Here's a solution to convert the name, value pairs back to columns as if you had stored the data in a normal manner:

SELECT 
  JSON_UNQUOTE(JSON_EXTRACT(mytable.attributes, CONCAT('$."', k.id, '".name'))) AS name,
  JSON_UNQUOTE(JSON_EXTRACT(mytable.attributes, CONCAT('$."', k.id, '".value'))) AS value
FROM mytable
CROSS JOIN JSON_TABLE(JSON_KEYS(mytable.attributes), '$[*]' COLUMNS (id CHAR(36) PATH '$')) AS k;

Output:

+-------+-------+
| name  | value |
+-------+-------+
| speed | 230   |
| power | 12v   |
+-------+-------+

From there I'll trust you can figure out how to put that in a derived table subquery and do the operations you need to do on it.

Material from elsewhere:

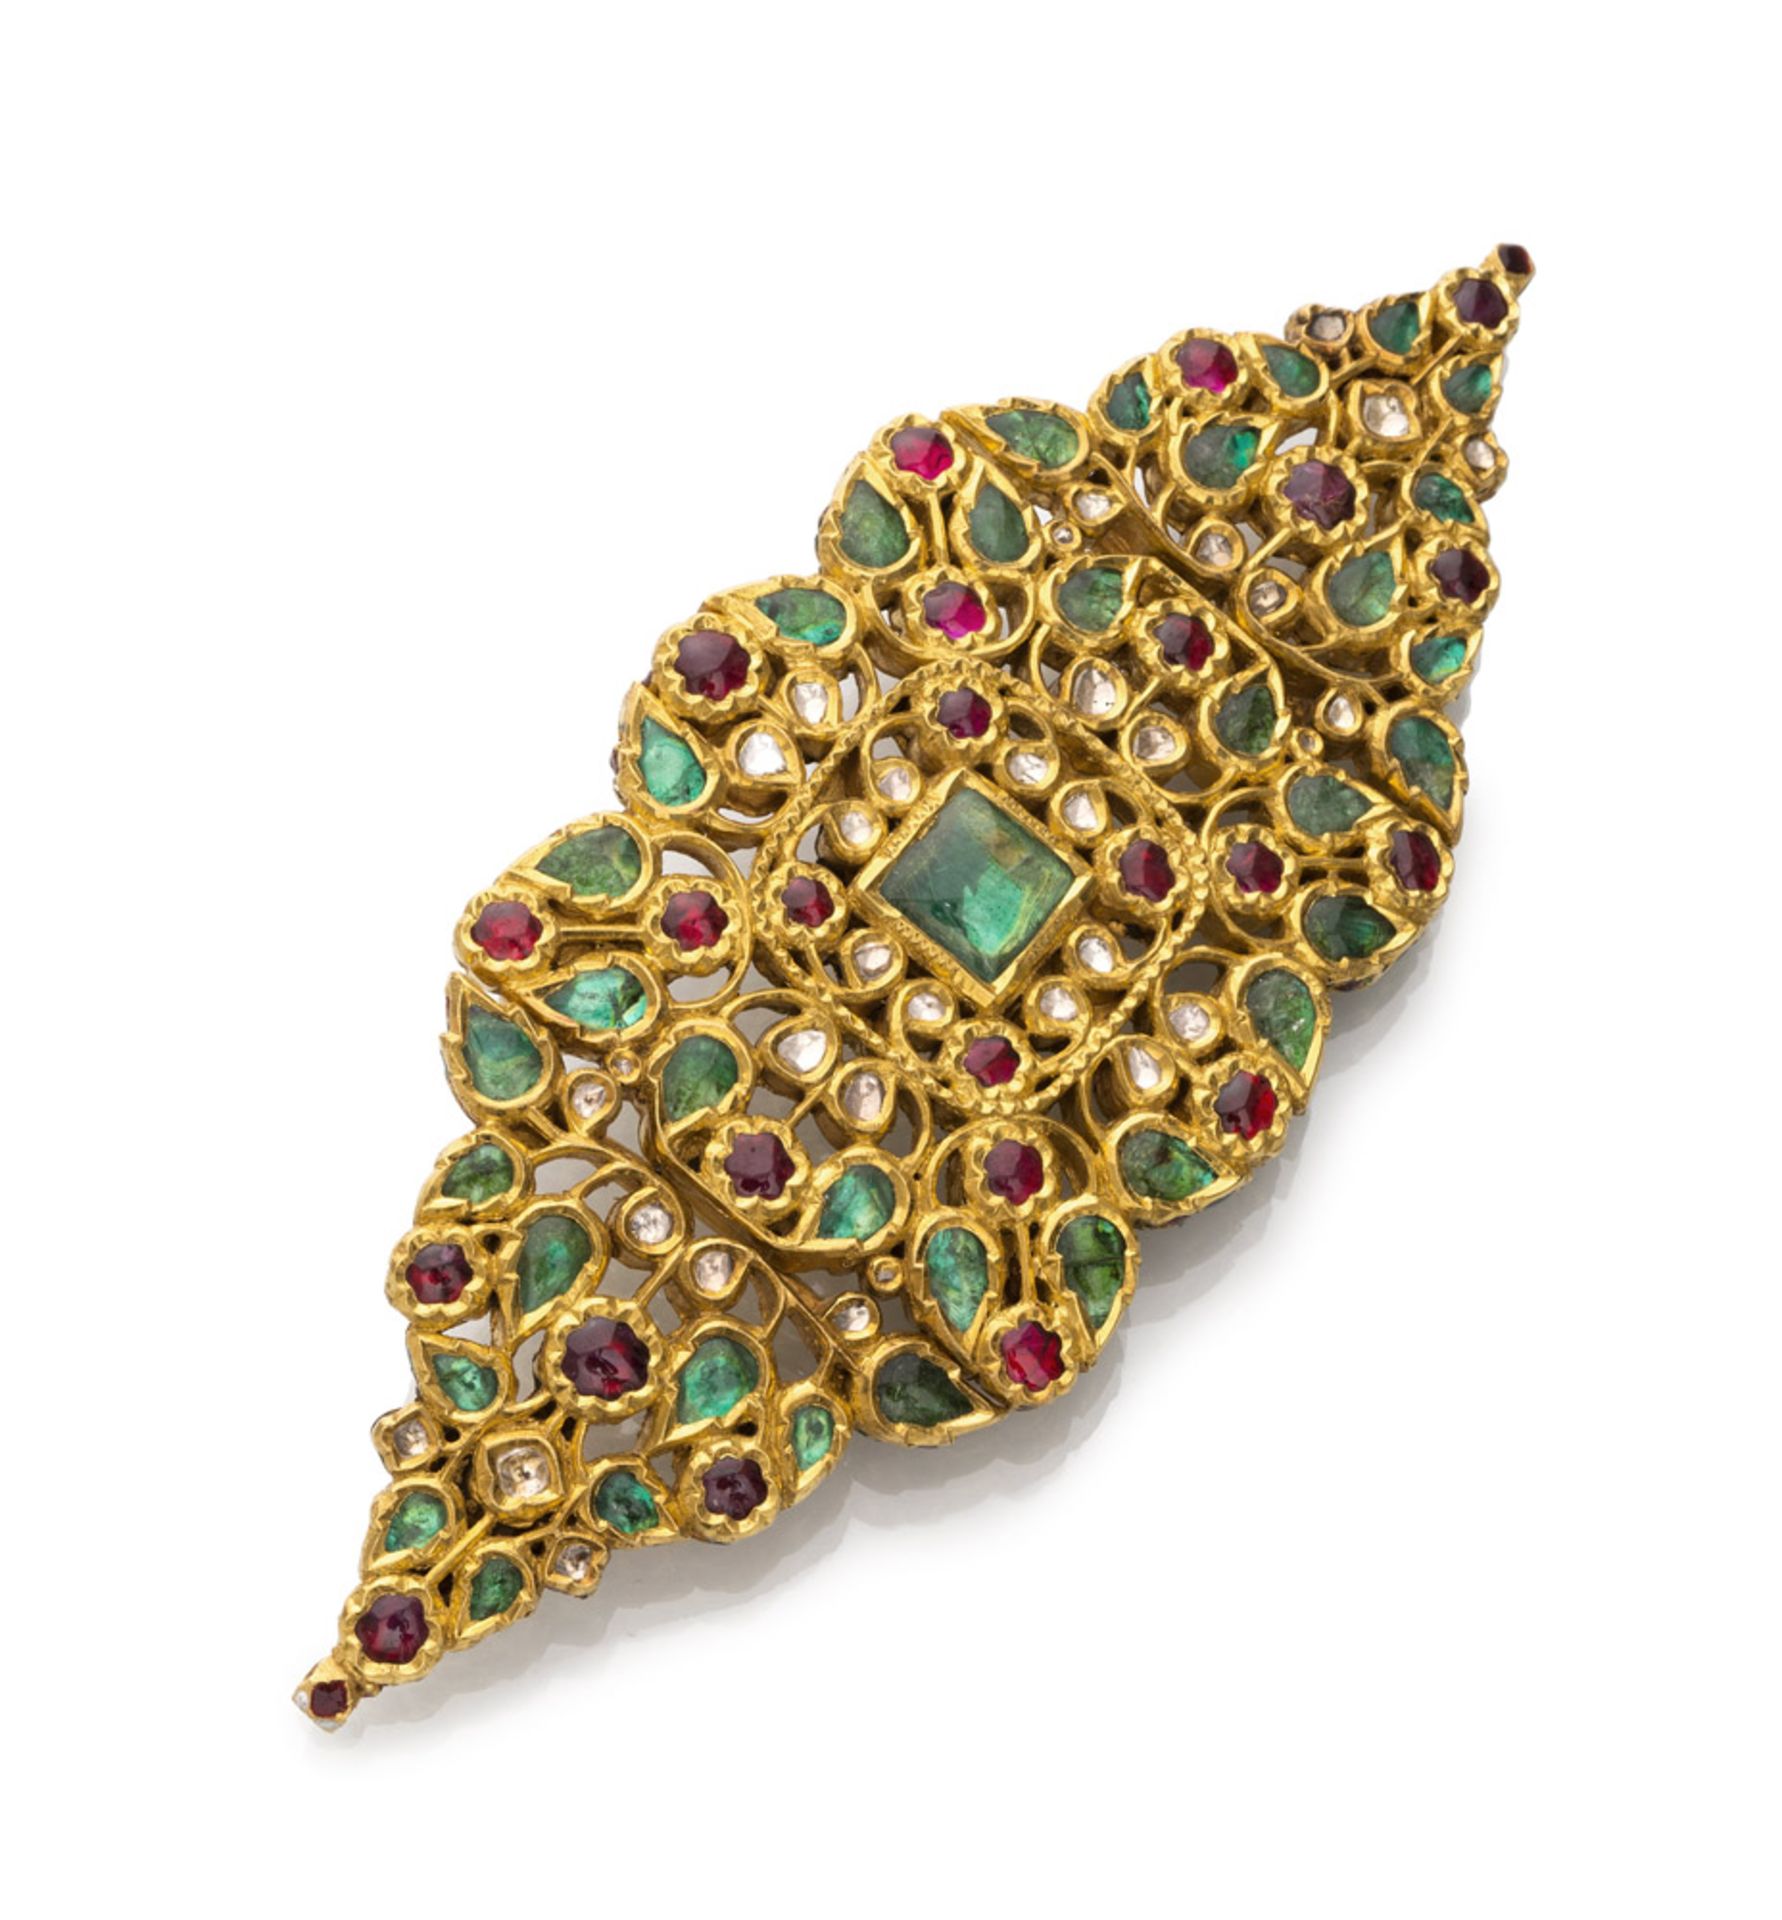 ELEGANT BUCKLE, EARLY 20TH CENTURYin yellow gold 18 kts., , embellished with diamonds and green

Note that using JSON_TABLE() requires MySQL 8.0. If you use an older version of MySQL, it won't work.

This begs the question of why didn't you just store the data in the normal way to start with. In my opinion, using JSON in MySQL makes a lot of queries more complex and difficult to write, difficult to debug, difficult to optimize. The queries would be simpler if you stored this data as multiple rows of another table, instead of using JSON.